Mahendra Chitrakar, the president of the Federation of Nepal Brick Industries, denies any suggestion that the industry is abusive. “I don’t think there is bonded labour. I’ve never found any,” he says.

Political will to change the status quo is also lacking, according to Andrew Brady, campaigns manager for BloodBricks, a coalition of unions and local and international NGOs campaigning against labour abuses in the brick sector.

“If national governments were upholding the law and ensuring that kiln workers were getting a monthly minimum wage salary, then nobody would need to work in a business that was exploit[at]ive. At the moment workers are trapped in debt and being paid so badly because they are largely from communities which can be ignored.’

But could change be on the way? There are already better alternatives to the traditional brick kilns emerging, with an increasing number of larger factories producing bricks made from heavy machinery rather than by hand. As they are permanently based in one place, the owners tend to employ local workers who are paid a regular monthly salary, so cutting out the issue of advance payments. These factories are also starting to pay workers a reduced salary during the monsoon season, when they are closed. Although the price of the bricks is slightly higher, vulnerability to child or bonded labour is significantly reduced.

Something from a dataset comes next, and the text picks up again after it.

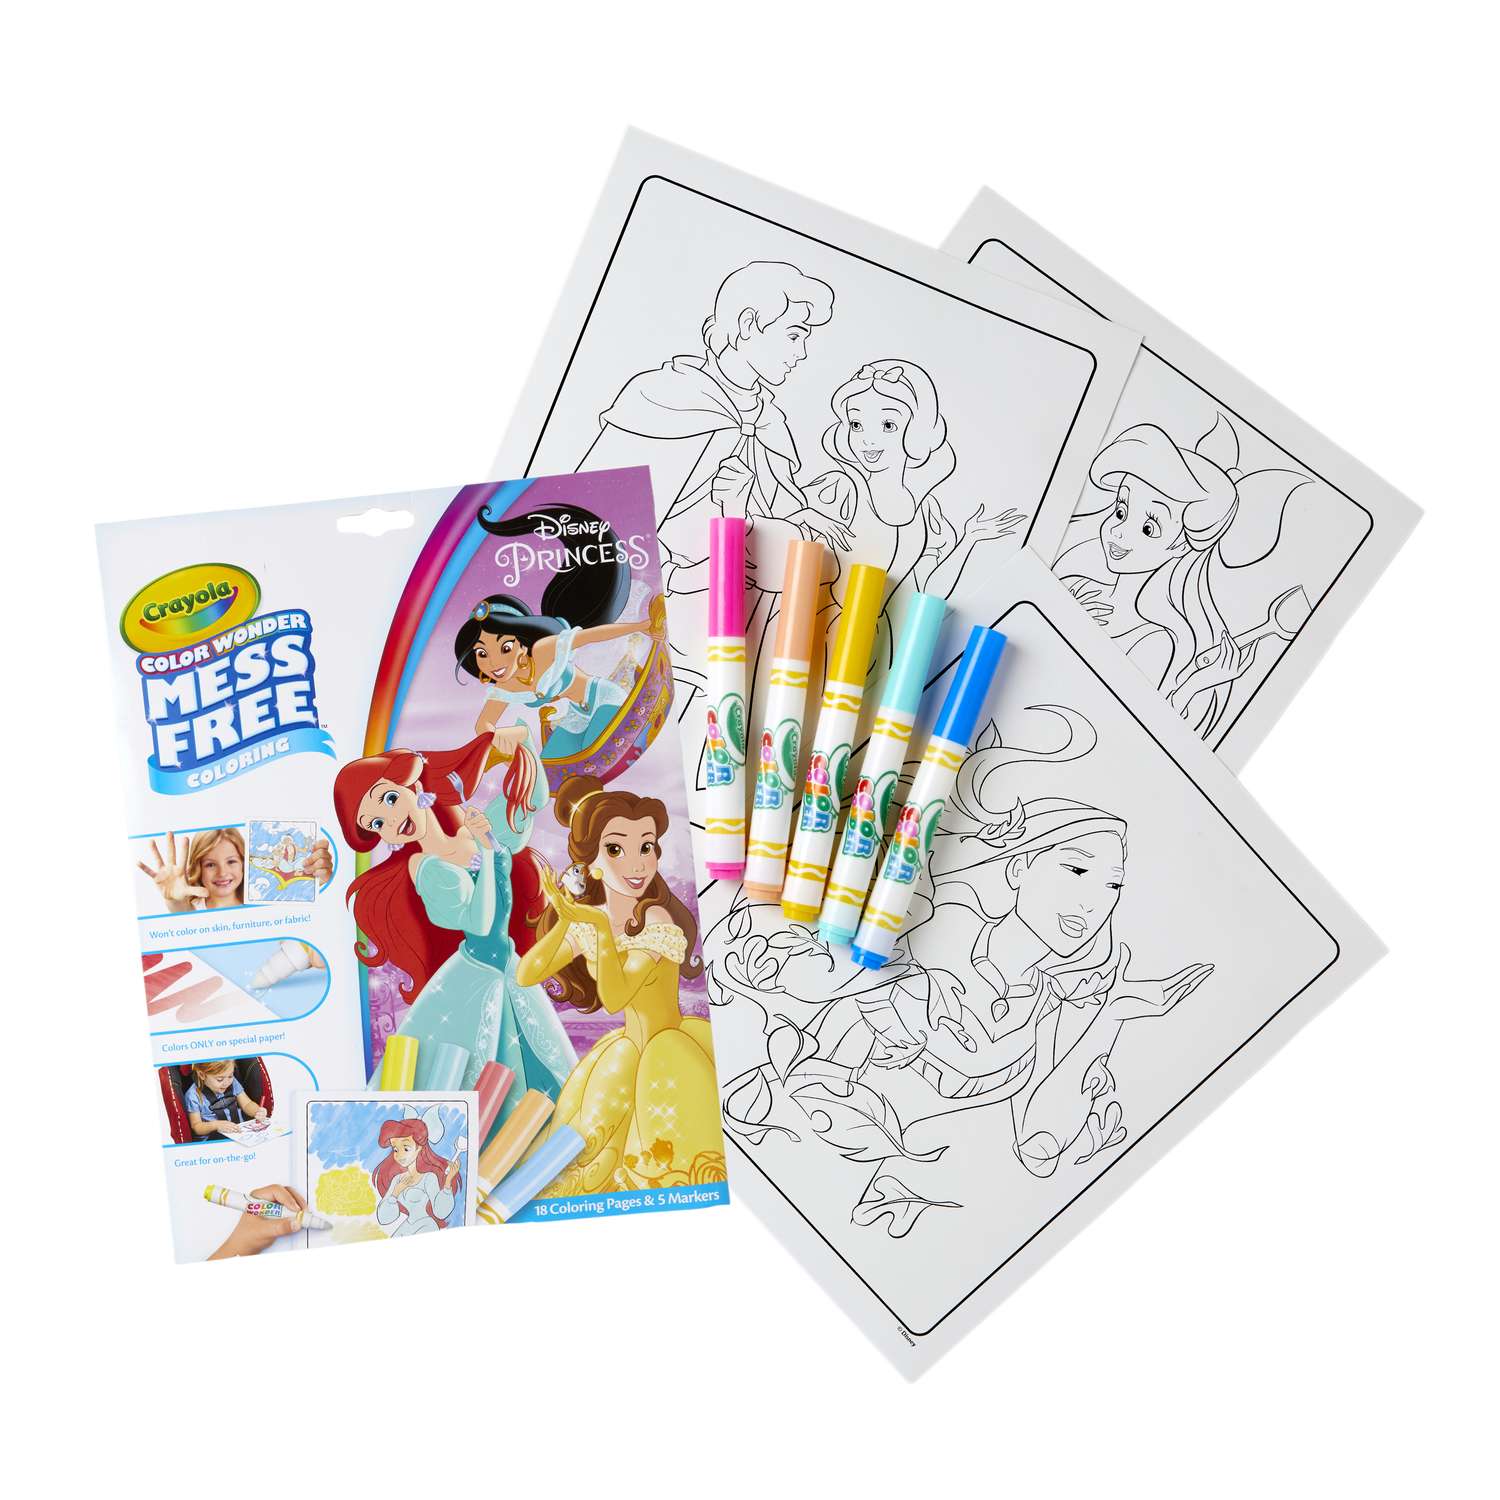 COLOR WONDER DRAWING PAD - THE TOY STORE

The Brick Clean Group has also launched in Nepal. Part of the Global Fairness Initiative (GFI), the programme aims to incentivise brick factory owners to improve working conditions.

The group is encouraging factories to sign up to minimum standards for pay and working conditions that include an end to child, bonded and forced labour, the provision of toilets and drinking water, and a requirement to pay at least the minimum wage.

“We want to create standards for the industry to follow,” says Homraj Acharya, Nepal’s country director for GFI. “If [the factories] meet the criteria then there should be benefits. They can become torchbearers for change in the industry.”

Acharya argues that businesses which try to change their working practices should be supported by the government.

“If the government wants change, it needs to reward businesses that are trying to change themselves,” he says. “If [it] can give incentives to these companies, more people will try to make these kind of bricks. It’s all about rewarding responsibility.”

International donors and businesses undertaking construction work in countries where exploitation is rife in the brick industry must also start taking responsibility, believes Brady: “The international community still hides behind the veil of supply chains, but it would be very easy to ensure that there was a national mechanism set up to monitor working conditions in the kilns. It’s about having the will to do it.”